Long read sequencing permits the measurement of fusion transcripts that are often key drivers of tumor development. To illustrate the principle, Ewing’s sarcoma was selected, which harbors the t(11:22)(q24:q212) translocation that generates EWS-FLI, a fusion between EWSR1 (Ewing’s sarcoma breakpoint region 1) and the ETS transcription factor FLI1 (Friend leukemia integration 1) genes9. The EWS–FLI protein regulates the expression of numerous target genes that promote cancer survival and drug resistance10,11. scCOLOR-seq was performed on human STA-ET-1 Ewing’s cells, which are known to express the EWS–FLI protein and we measured the presence of the EWS-FLI fusion transcript within each single cell. Given that fusion transcripts can be falsely detected as a consequence of PCR artifacts12, the mixed-species data (Fig. 2a,b) was first used to determine the frequency of false-positive fusion events. As these would never occur naturally, the incidence of human to mouse fusion events can be used as a guide to set filtering thresholds.
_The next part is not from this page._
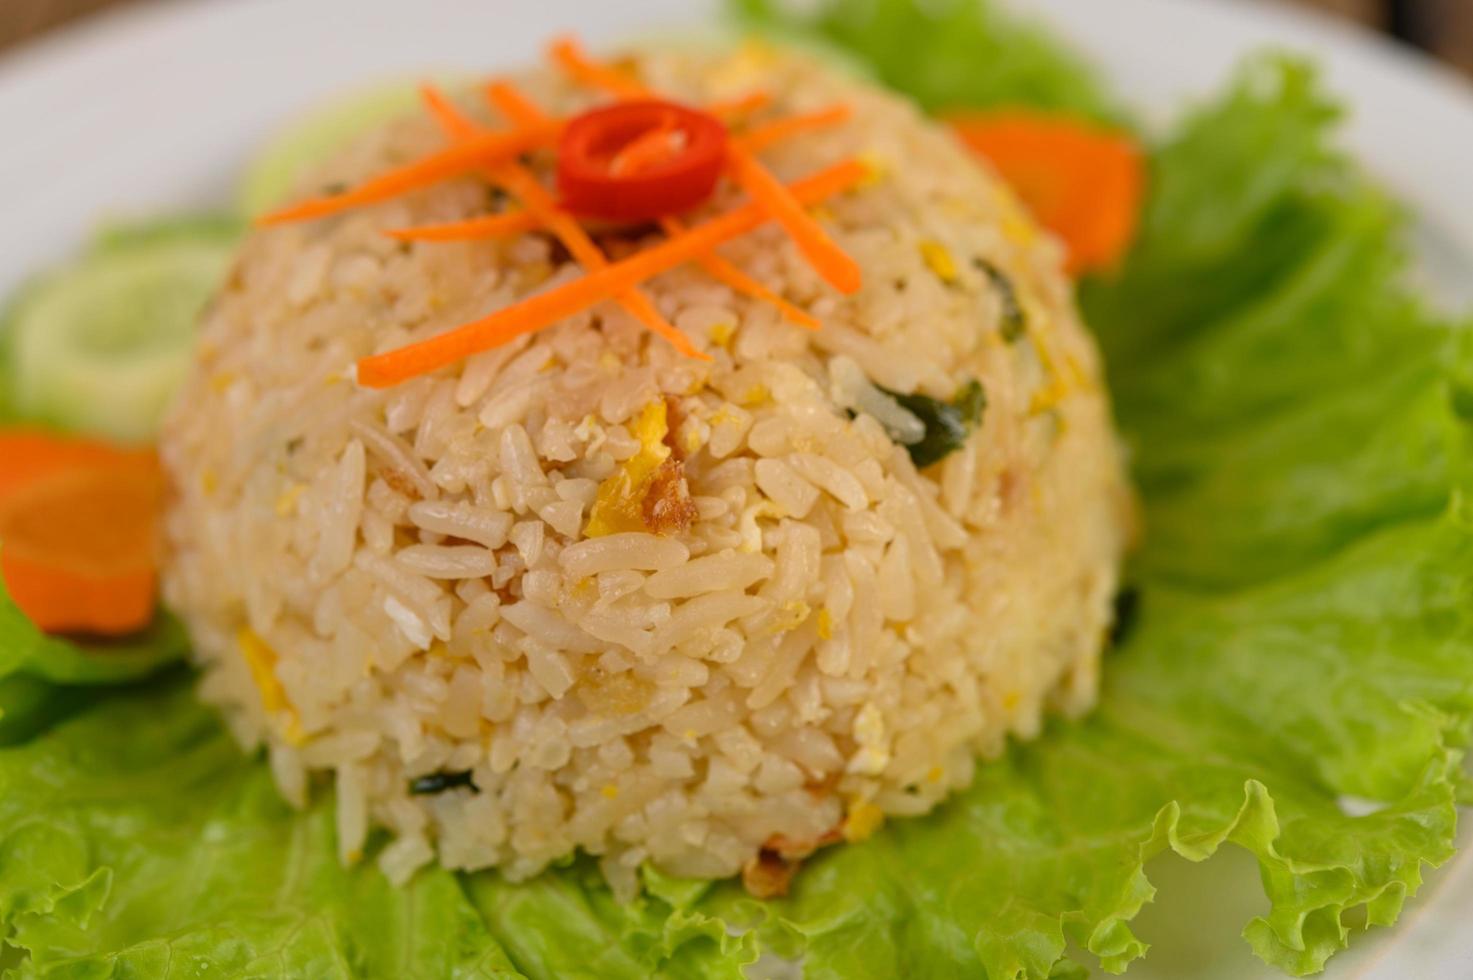 arroz frito em um prato branco com alface e enfeite foto
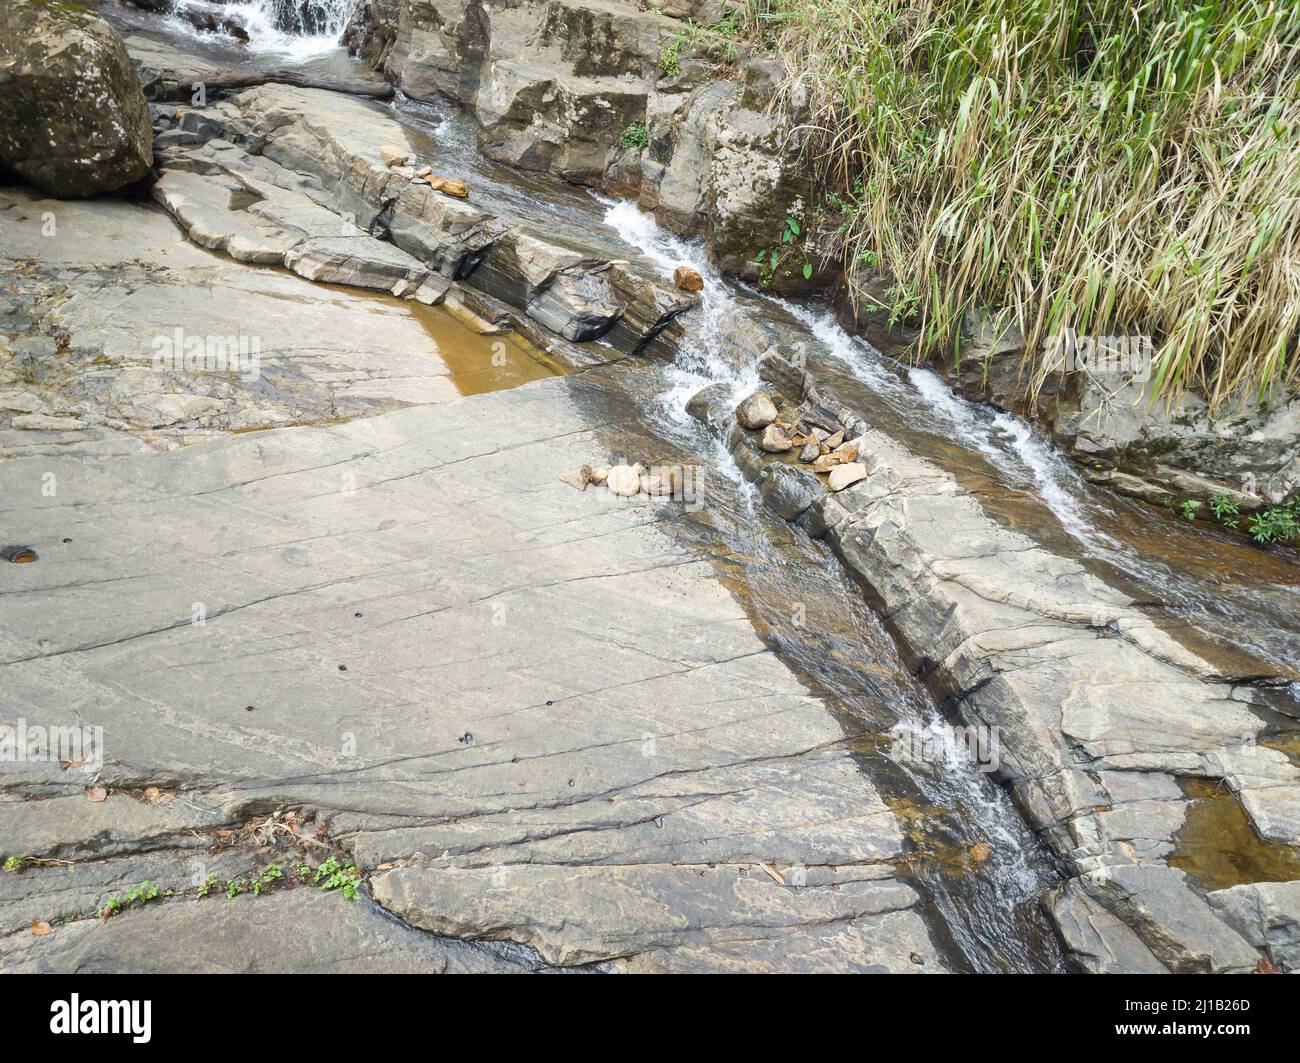 Strom fließt durch Felsen, engen Fluss oder Fluss von Wasser auf einer felsigen Oberfläche Stockfoto

The mixed species data reveals that 5% of total reads contain a fusion event, with 35% of these reads showing mixed human and mouse fusion transcripts (Supplementary Fig. 18). This suggests that over 70% of detected fusion transcripts could be PCR artifacts. However, application of a filtering threshold based on a minimum of 5 UMIs for each fusion event removed all the mixed human–mouse fusion reads (Supplementary Fig. 18b,c), which was subsequently applied to eliminate false-positive fusion events in the Ewing’s cell data. After filtering, a total of 10,258 unique fusion transcripts were detected, enabling the measurement of the EWS-FLI fusion transcript in 17% of cells (Fig. 2i,j). Several EWS-FLI fusion transcripts have been reported13. We detected the presence of the most common type ‘1’ form in our single-cell data, consisting of the first seven exons of EWSR1 joined to exons 6–9 of the FLI1 gene (Fig. 2k and Supplementary Fig. 19). In addition, a potentially previously undescribed fusion transcript between FLI1 and the long noncoding RNA AL596087.2 was observed (Fig. 2l).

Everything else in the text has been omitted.